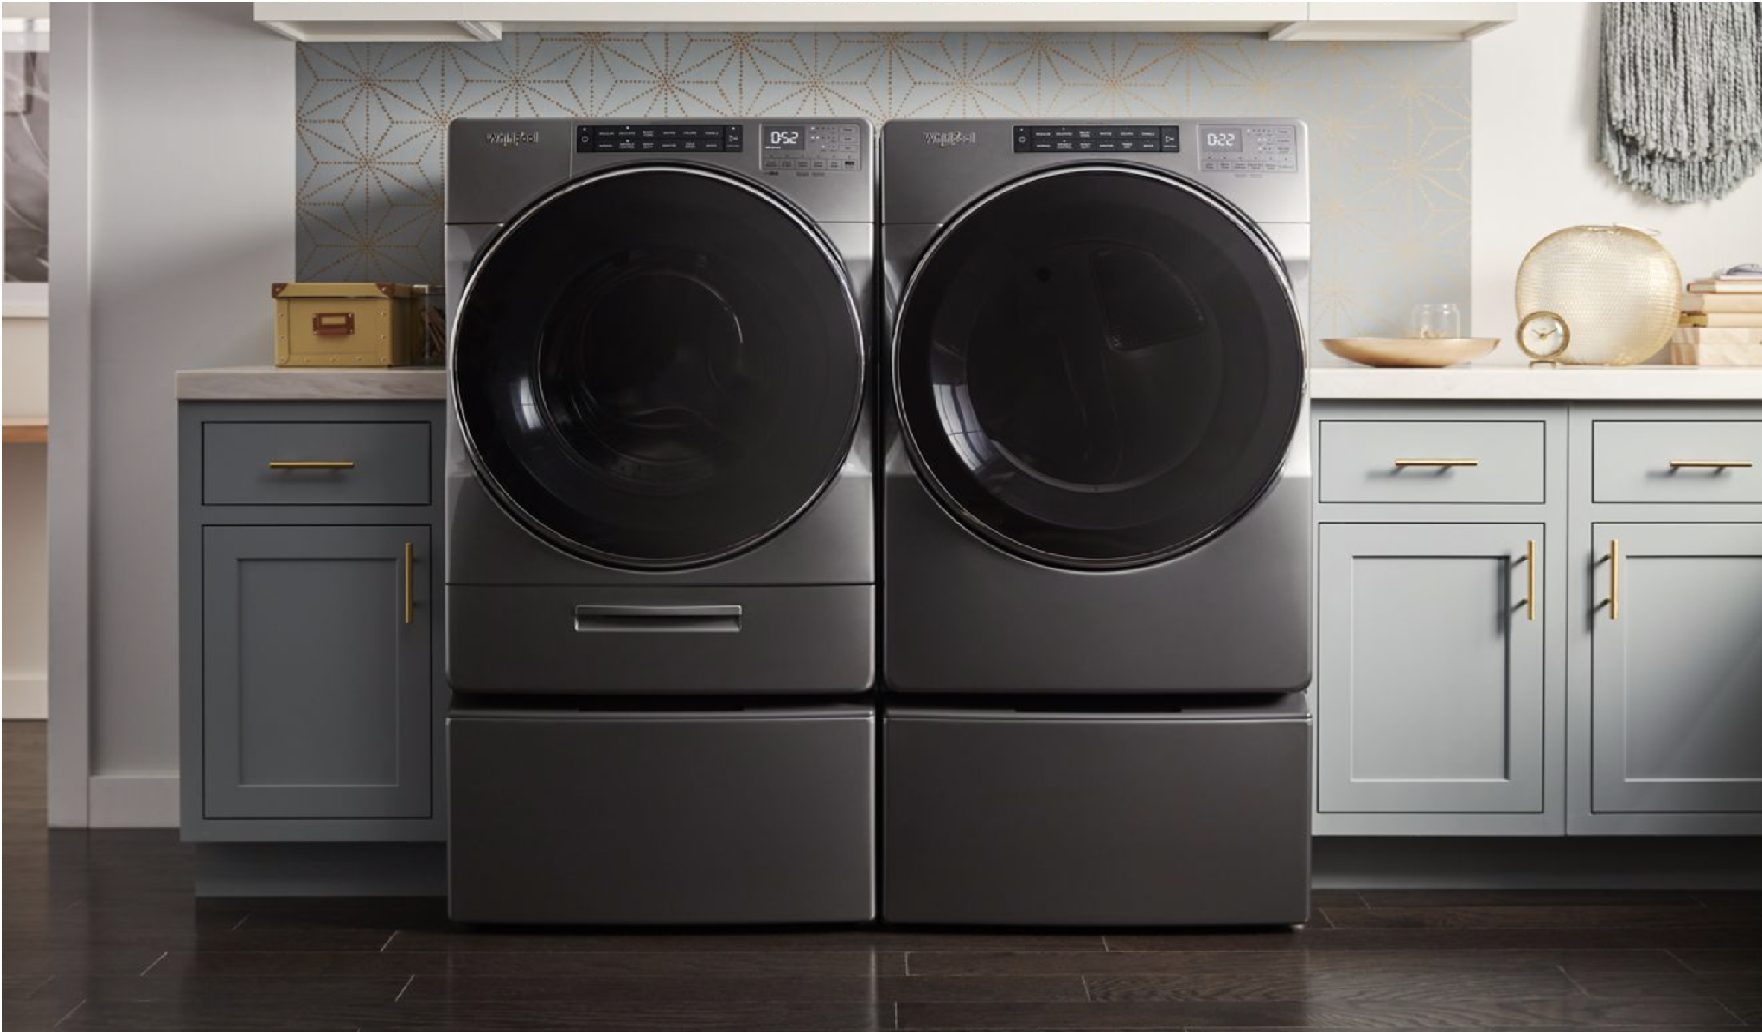 Image of side-by-side Whirlpool laundry pair with pedestal drawers
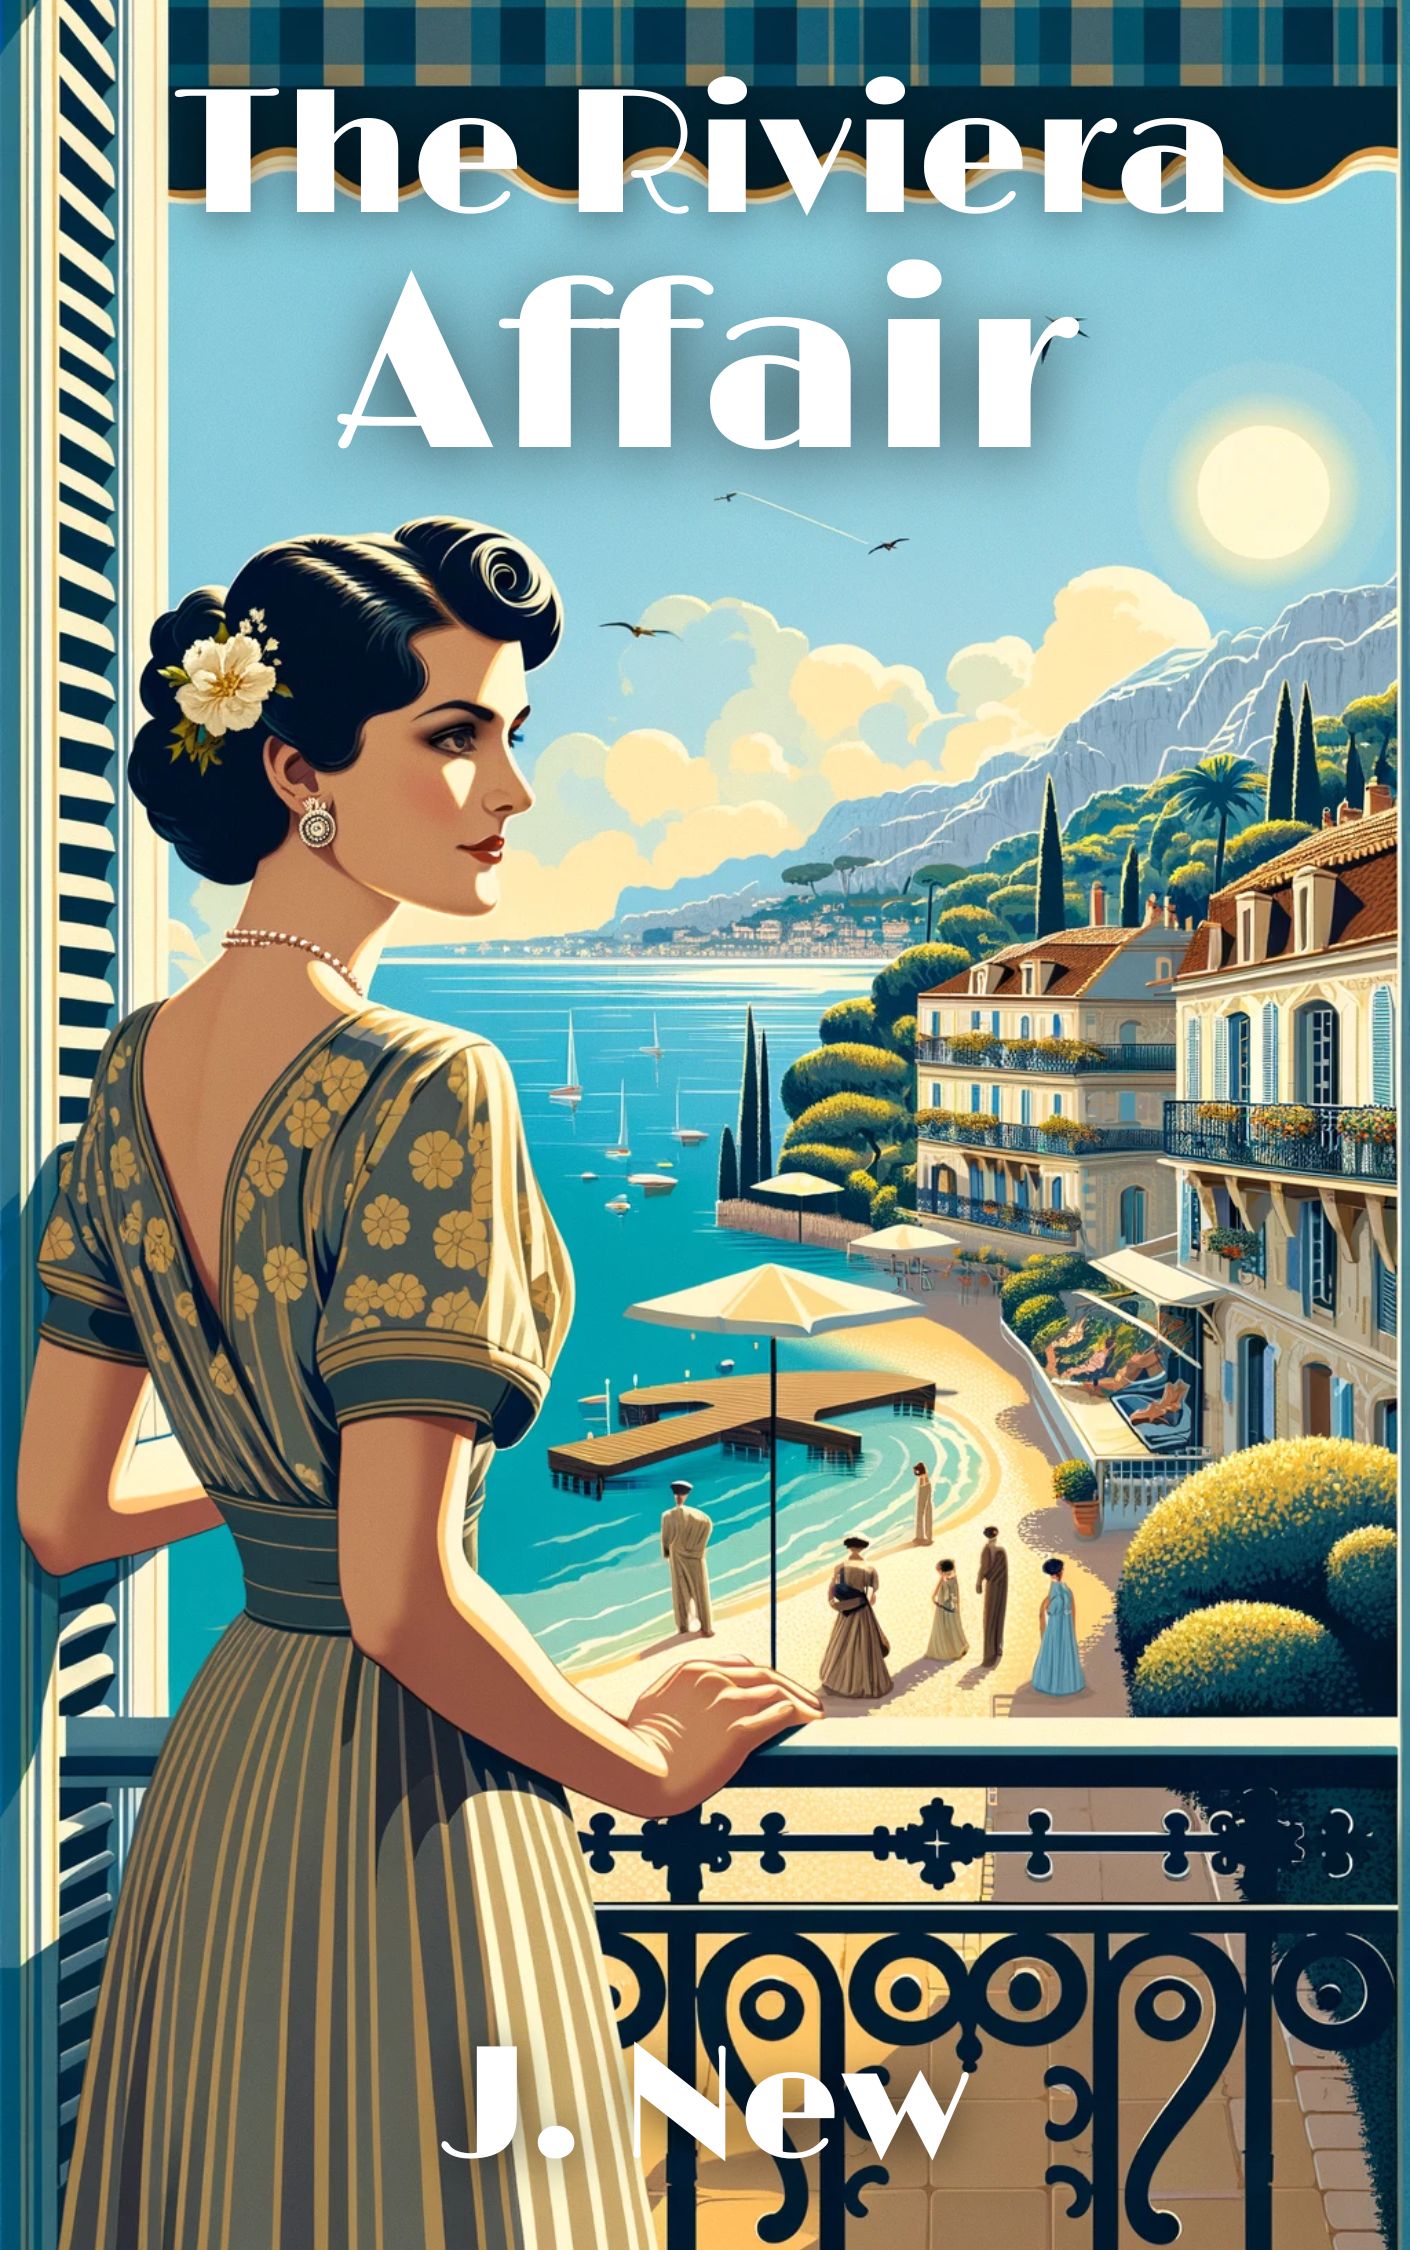 The Riviera Affair book 4 in the hugely popular cozy British historical mystery series set in England in the 1930s by British author J. New
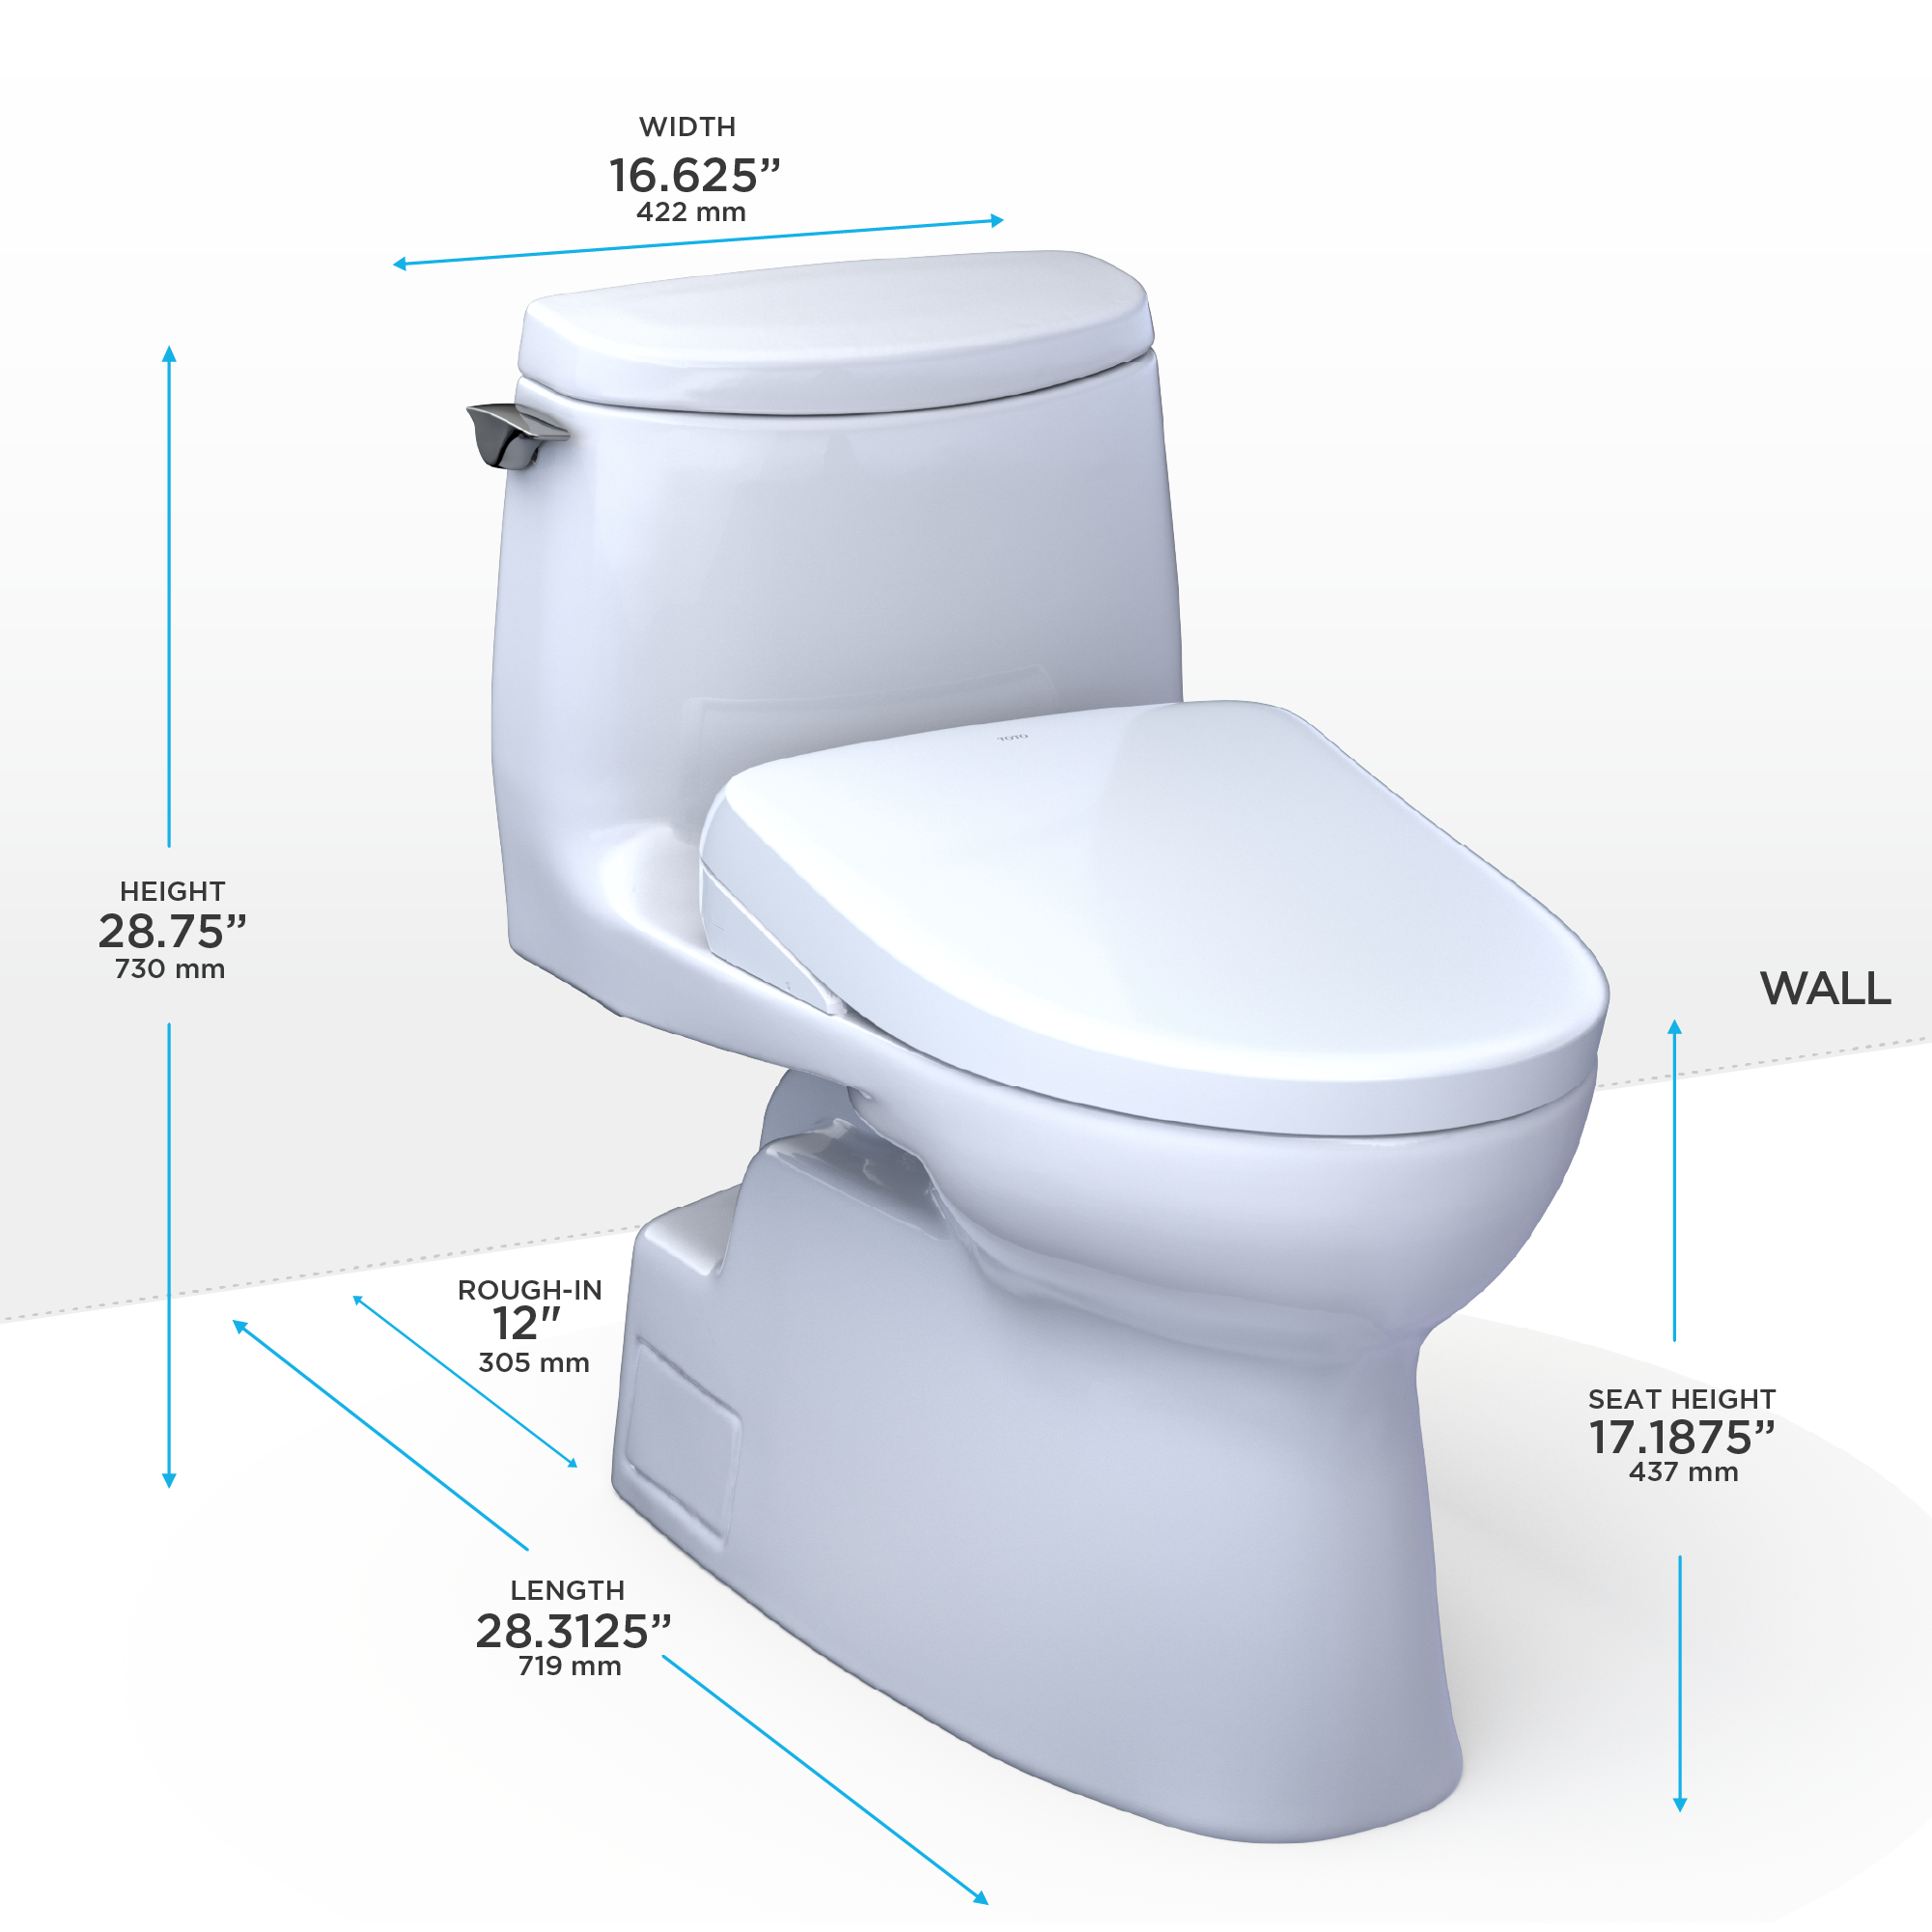 TOTO WASHLET+ Carlyle II 1G One-Piece Elongated 1.0 GPF Toilet and WASHLET+ S7A Contemporary Bidet Seat, Cotton White - MW6144736CUFG#01, MW6144736CUFGA#01
•••
# WHAT THE TASK ASKS
Omitting all images, print the listing exactly.

# ANSWER BOX
 Image of side-by-side Whirlpool laundry pair with pedestal drawers
 The Riviera Affair book 4 in the hugely popular cozy British historical mystery series set in England in the 1930s by British author J. New
 TOTO WASHLET+ Carlyle II 1G One-Piece Elongated 1.0 GPF Toilet and WASHLET+ S7A Contemporary Bidet Seat, Cotton White - MW6144736CUFG#01, MW6144736CUFGA#01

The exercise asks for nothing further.